The ELMAP LiDAR scanner is one of the newly developed time of flight laser scanners developed for WGS by Dr Christoph Hug. It is the second scanner that Dr Hug has developed for WGS. The new ELMAP LiDAR scanner is a big leap forward in scanning resolution, enabling double the point density at the same height as the existing scanner.
The new ELMAP has been developed from the ground up with Dr Hug having sourced each individual component from the laser diode to the microscopically level, multifaceted mirror. Being a complete redesign, the ELMAP saw features added at the hardware level based on years of field experience with the previous design. Development took over a year during which numerous field tests were conducted to both confirm the correct operation of the laser and test the limits of its capabilities.
Most airborne laser scanners are time-of-flight type instruments, meaning that the time it takes a beam of light to travel from the laser diode, horizontally towards a multifaceted mirror and then perpendicularly to the ground and back to the receiver, multiplied by the speed of light allows one to calculate the total distance that the beam has travelled. The ELMAP emits coded pulses of light which are reflected from the ground surface and received by a very sensitive sensor which calculates the time it took that beam to reach the ground and back. Using these coded pulse times and survey grade GNSS and Inertial measurements from integrated survey instruments, the XYZ position of the beam’s reflection may be calculated. The multifaceted mirror rotates, sending pulses of light laterally across the flightpath with a field of view of about 70°.
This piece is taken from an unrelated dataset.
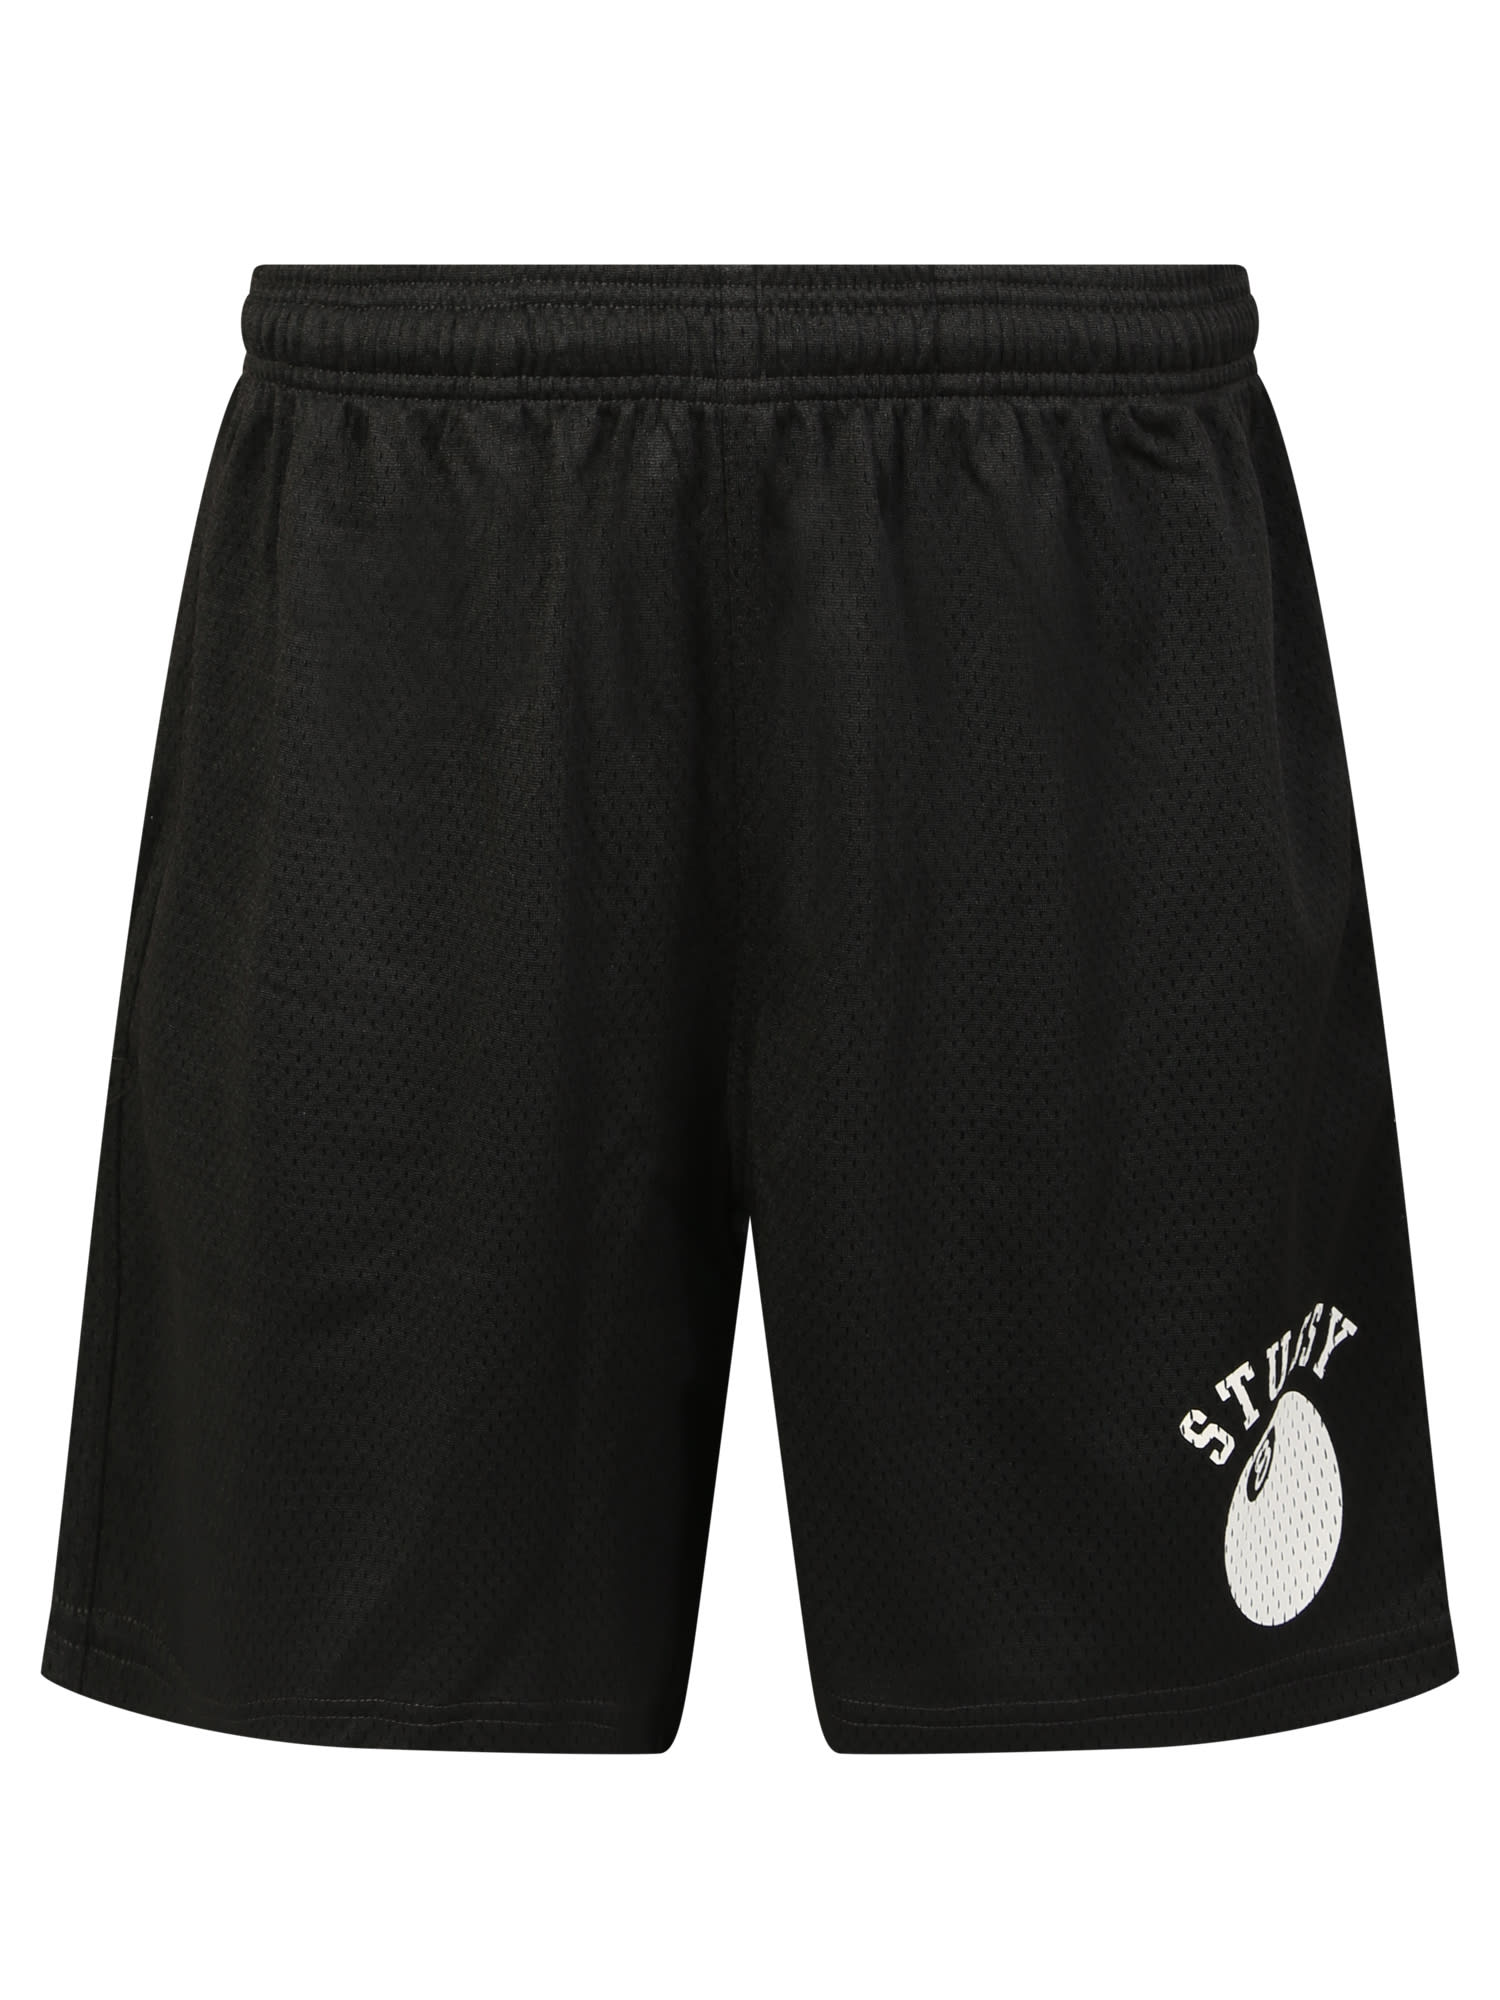 Stussy Soft Design Shorts With An Elasticated Waist By Stussy

In order to use the distance that the beam has travelled to calculate the XYZ position, the exact XYZ position of the LiDAR receiver must be known. In addition, the plane’s orientation in space must be known, so as to solve the beam trajectory. Differential geometry is used to solve the final beam position. The internal geometry must be known to accurately calibrate the instrument so to facilitate this, the position of a single point on the ground is used to instead differentially calculate the internal geometry, given the position and rotation of the sensor and the known point on the ground such that the internal geometry can be used as a constant. A further calibration relating to offset of the inertial measurement unit and the sensor itself is later calculated, this process is known as a ‘boresight’, from the methodology for sighting cannons.
To identify a ground object, in particular the known control point we use to solve for the internal geometry, the intensity of each return can be used. Each pulse also stores the intensity of the light return. Some surfaces, such white road markings, are highly reflective and do not absorb much of the light radiation and some surfaces absorb a lot of radiation, such as tarmac. In order to ‘see’ the measured target on the ground, a 1m x 1m piece of wood coated in special reflective material was used. The result was a single bright point where the laser beam intensity was far higher than the radiation returned from the adjacent tarmac.
Currently, at full power, the ELMAP can record measurement data at a rate of up to 120mb/s. A single 4-hour survey can easily full up a 2TB SSD. Developed concurrently with the ELMAP by WGS was a multi headed camera system which matches the footprint of the ELMAP, providing the most efficient survey footprint possible. The system is modular and easily deployable in numerous scenarios. Currently on the drawing board (and close to competition) is the development of an external, modular system contained within a certified luggage pod which could potentially extend operational capability to a wide number of aircraft with no modifications required at all. This will mean that WGS can deploy to areas at lower mobilisation costs and utilise local assets.